Return the intersection of the dictview and the other object as a new set.

##### dictview | other

Return the union of the dictview and the other object as a new set.

##### dictview - other

Return the difference between the dictview and the other object (all elements in dictview that aren’t in other) as a new set.

##### dictview ^ other

Return the symmetric difference (all elements either in dictview or other, but not in both) of the dictview and the other object as a new set.

An example of dictionary view usage:

>>>
>>> dishes = {'eggs': 2, 'sausage': 1, 'bacon': 1, 'spam': 500}
>>> keys = dishes.viewkeys()
>>> values = dishes.viewvalues()

>>> # iteration
>>> n = 0
>>> for val in values:
...     n += val
>>> print(n)
504

>>> # keys and values are iterated over in the same order
>>> list(keys)
['eggs', 'bacon', 'sausage', 'spam']
>>> list(values)
[2, 1, 1, 500]

>>> # view objects are dynamic and reflect dict changes
>>> del dishes['eggs']
>>> del dishes['sausage']
>>> list(keys)
['spam', 'bacon']

>>> # set operations
>>> keys & {'eggs', 'bacon', 'salad'}
{'bacon'}


### 5.9. File Objects

File objects are implemented using C’s stdio package and can be created with the built-in open() function. File objects are also returned by some other built-in functions and methods, such as os.popen() and os.fdopen() and the makefile() method of socket objects. Temporary files can be created using the tempfile module, and high-level file operations such as copying, moving, and deleting files and directories can be achieved with the shutil module.

When a file operation fails for an I/O-related reason, the exception IOError is raised.
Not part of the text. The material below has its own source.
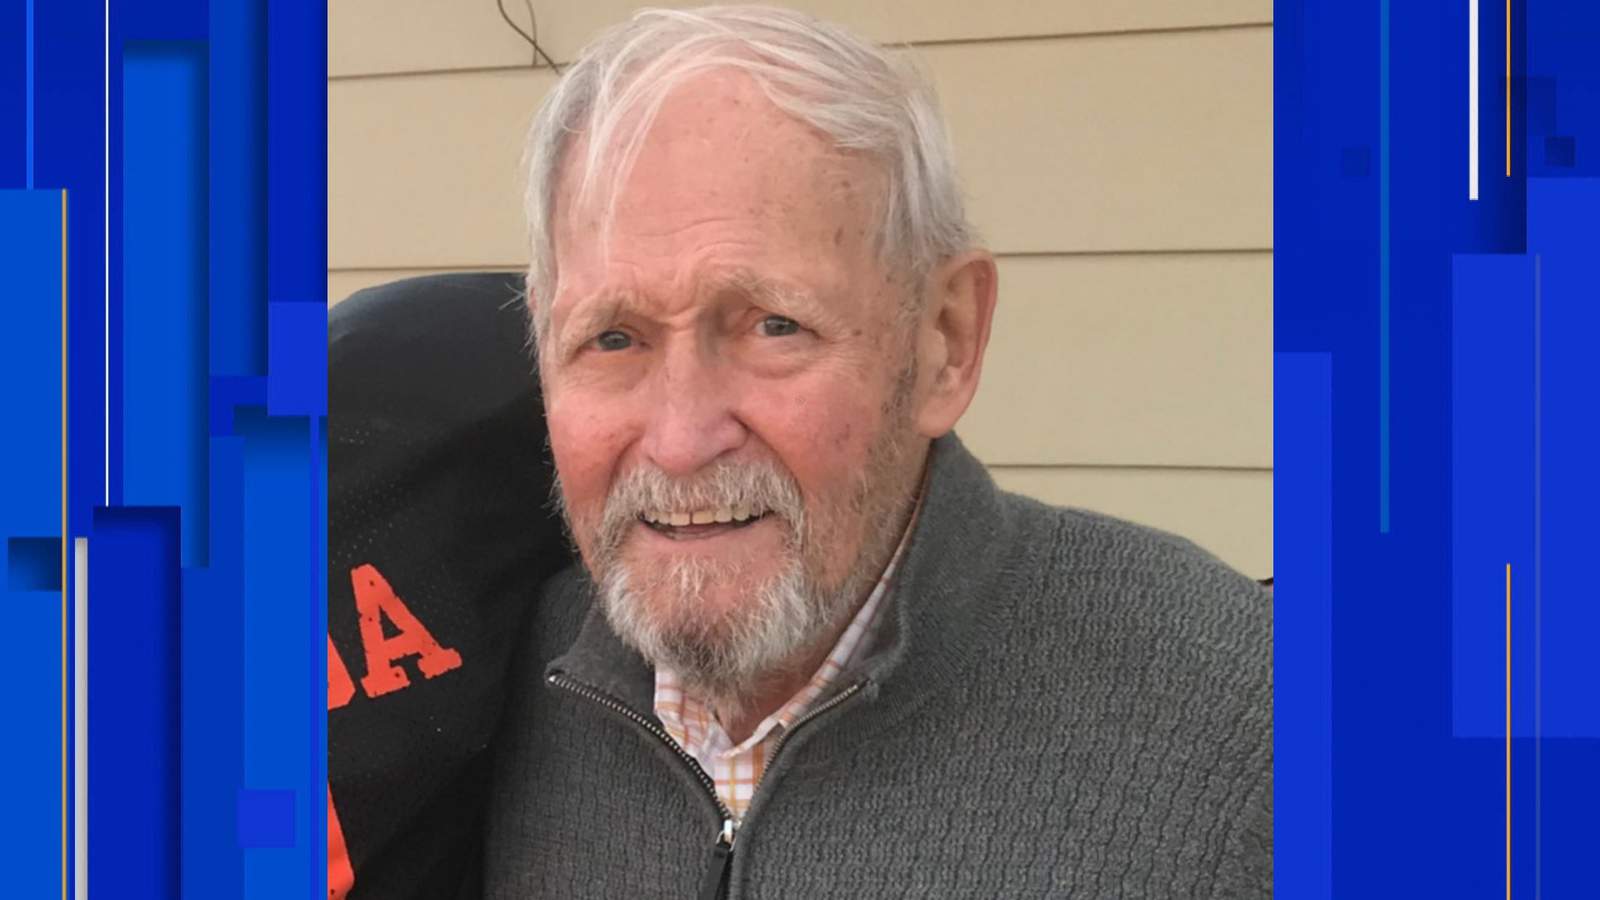 Police locate 84-year-old Shelby Township man

This includes situations where the operation is not defined for some reason, like seek() on a tty device or writing a file opened for reading.

Files have the following methods:

##### file.close()

Close the file. A closed file cannot be read or written any more. Any operation which requires that the file be open will raise a ValueError after the file has been closed. Calling close() more than once is allowed.

As of Python 2.5, you can avoid having to call this method explicitly if you use the with statement. For example, the following code will automatically close f when the with block is exited:

from __future__ import with_statement # This isn't required in Python 2.6

with open("hello.txt") as f:
for line in f:
print line,


In older versions of Python, you would have needed to do this to get the same effect:

f = open("hello.txt")
try:
for line in f:
print line,
finally:
f.close()


Note Not all “file-like” types in Python support use as a context manager for the with statement. If your code is intended to work with any file-like object, you can use the function contextlib.closing() instead of using the object directly.

##### file.flush()

Flush the internal buffer, like stdio‘s fflush(). This may be a no-op on some file-like objects.

Note: flush() does not necessarily write the file’s data to disk. Use flush() followed by os.fsync() to ensure this behavior.

##### file.fileno()

Return the integer “file descriptor” that is used by the underlying implementation to request I/O operations from the operating system. This can be useful for other, lower level interfaces that use file descriptors, such as the fcntl module or os.read() and friends.

Note: File-like objects which do not have a real file descriptor should not provide this method!

##### file.isatty()

Return True if the file is connected to a tty(-like) device, else False.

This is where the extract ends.